For each operation, we create a group of modified dev sets, where all words longer than two characters are edited by the operation with a probability of 0.25, 0.5, 0.75, or 1. For each language, we use the models trained on the normal training sets and predict Pos for the three groups of modified dev set. The average accuracies are shown in Figure 2.

Generally, all models suffer from the increasing degrees of unnormalized texts, but CNN always suffers the least. In the extreme case where almost all words are unnormalized, CNN performs 4 to 8 points higher than LSTM and 4 to 11 points higher than CRF. This suggests that the CNN is more robust to misspelt words. While looking into the specific cases of misspelling, CNN is more sensitive to insertion and deletion, while CRF and LSTM are more sensitive to substitution.

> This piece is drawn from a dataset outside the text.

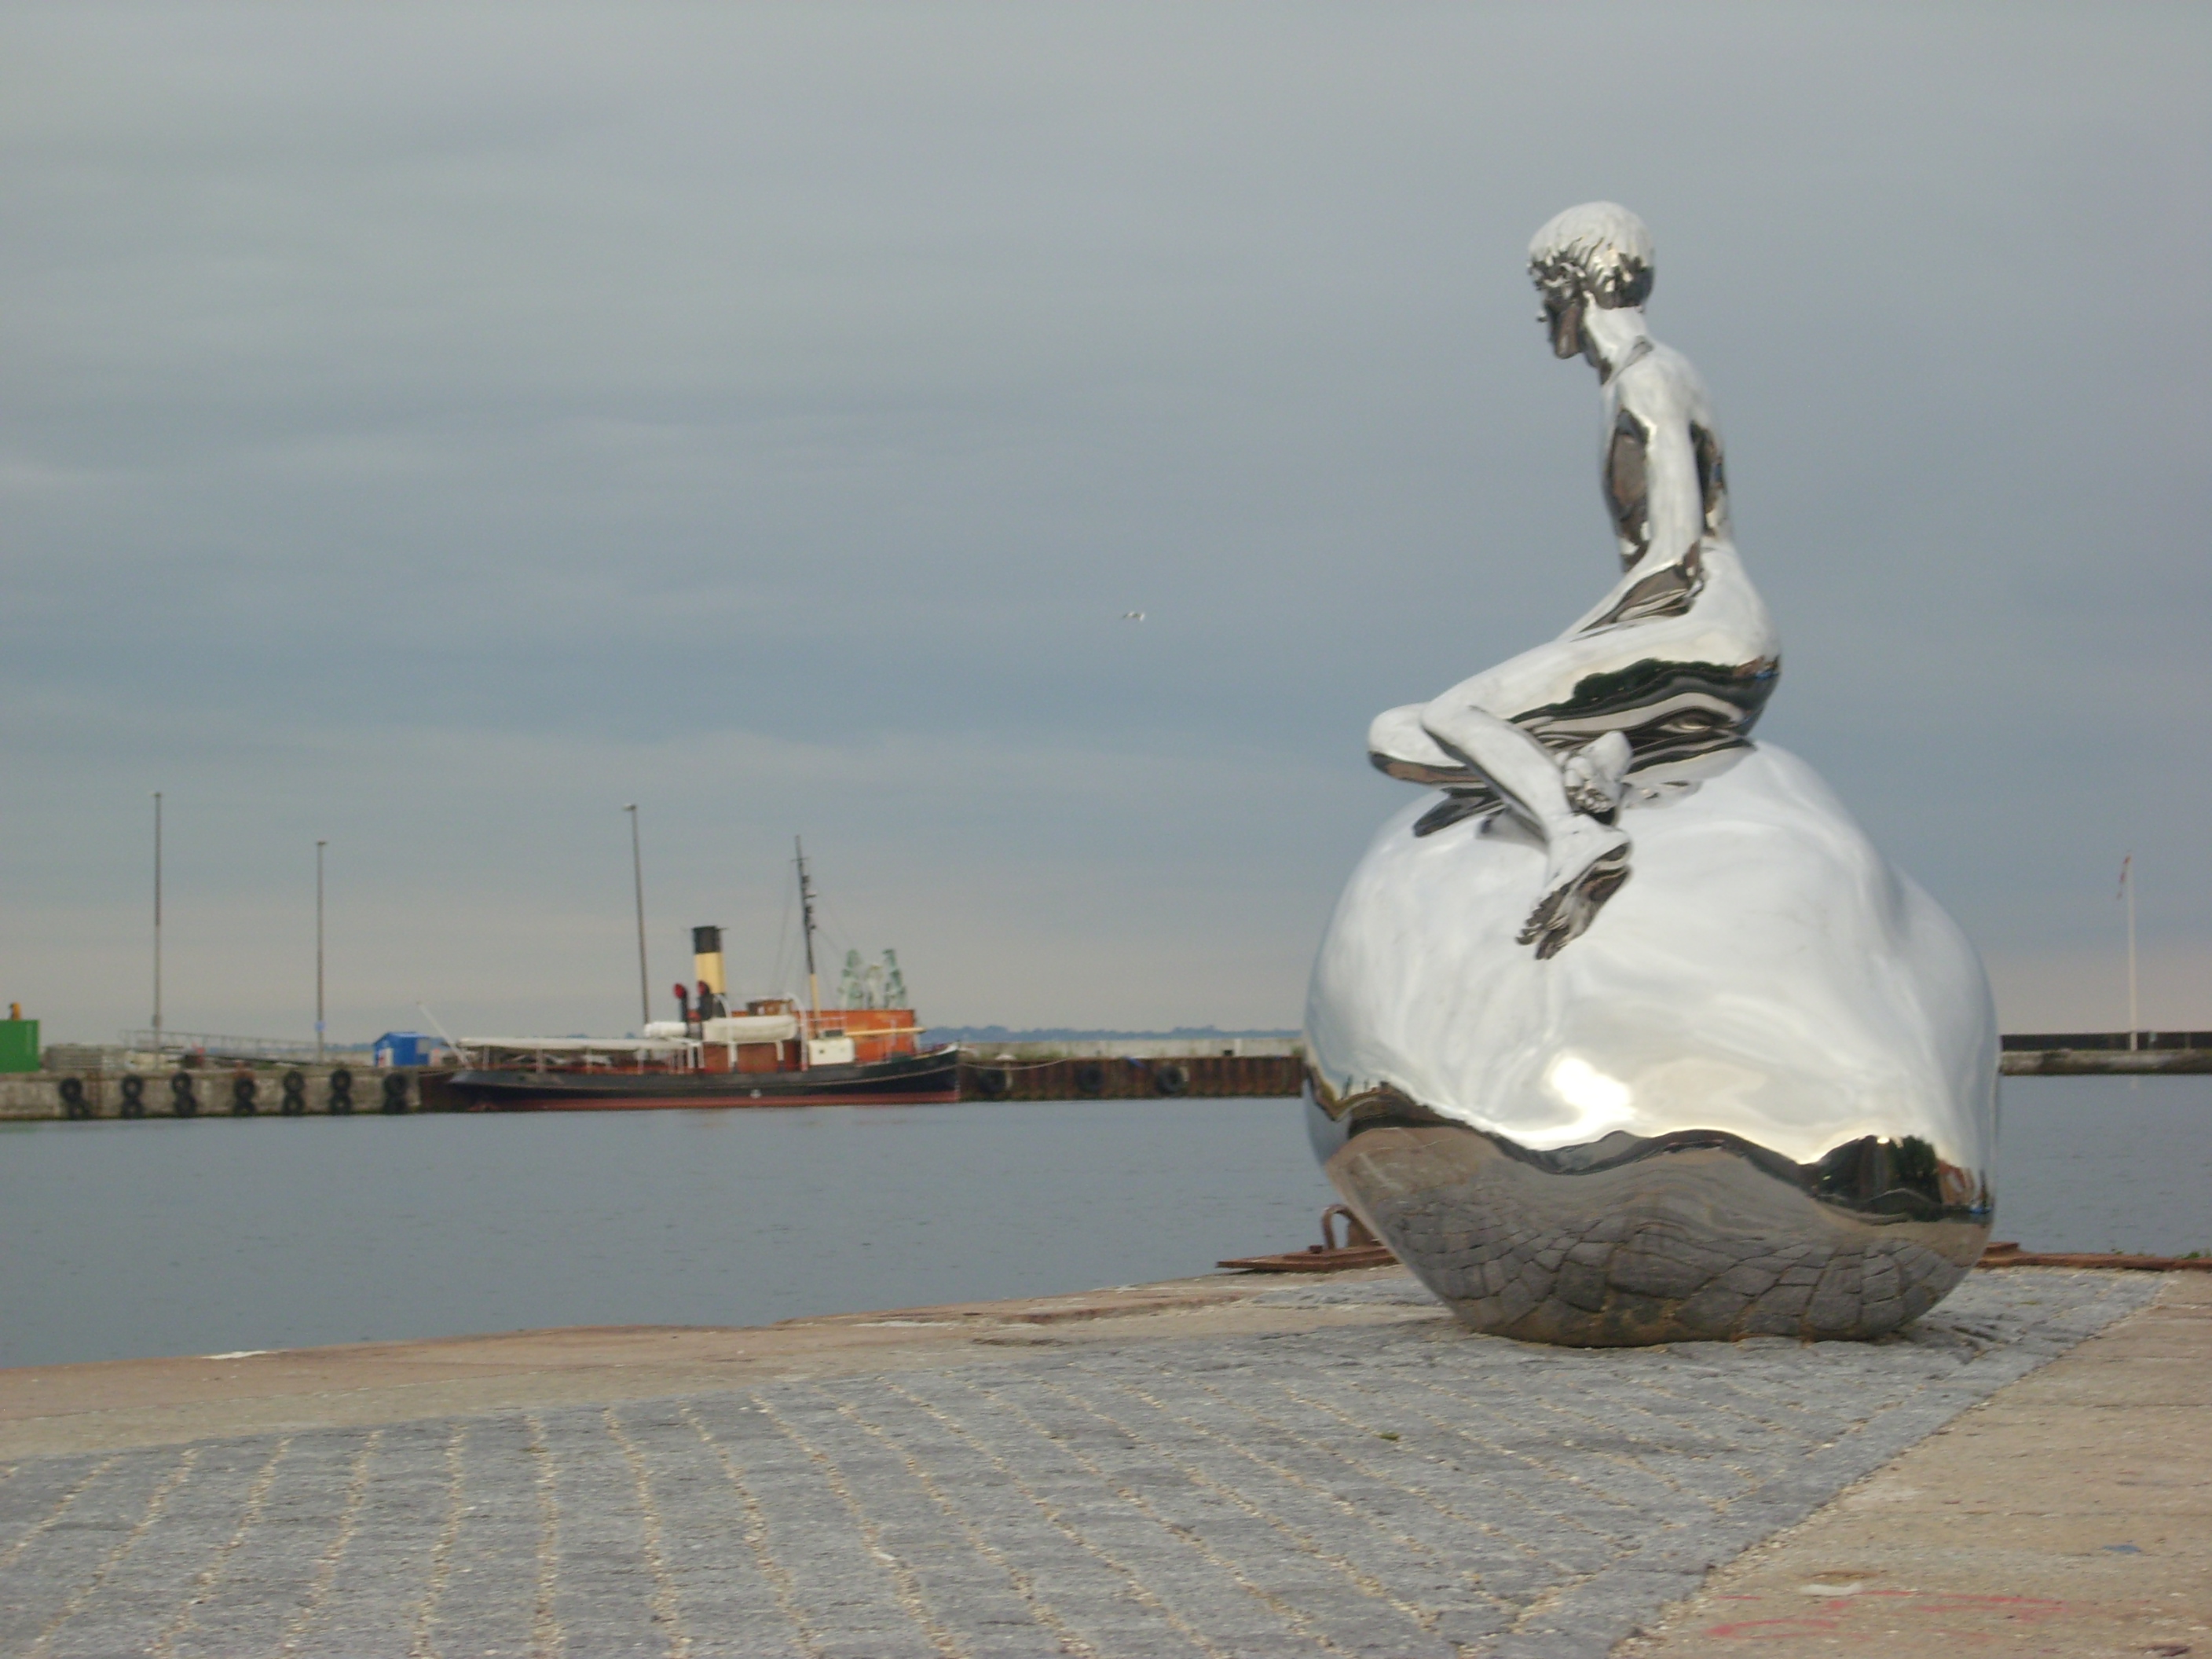 Das männliche Pendant zur Mermaid in Kopenhagen sitzt in Helsingør

Figure 2: Pos tagging accuracies on the dev set with the three modifications of different degrees.

4 Conclusion

In this paper, we propose a general-purpose tagger that uses two CNNs for both character composition and context encoding. On the universal dependency treebanks (v1.2), the tagger achieves state-of-the-art results for POS tagging and morphological tagging, and to the best of our knowledge, it also performs best for supertagging. The tagger works well across different tagging tasks without tuning the hyper-parameters, and it is also robust against unnormalized text.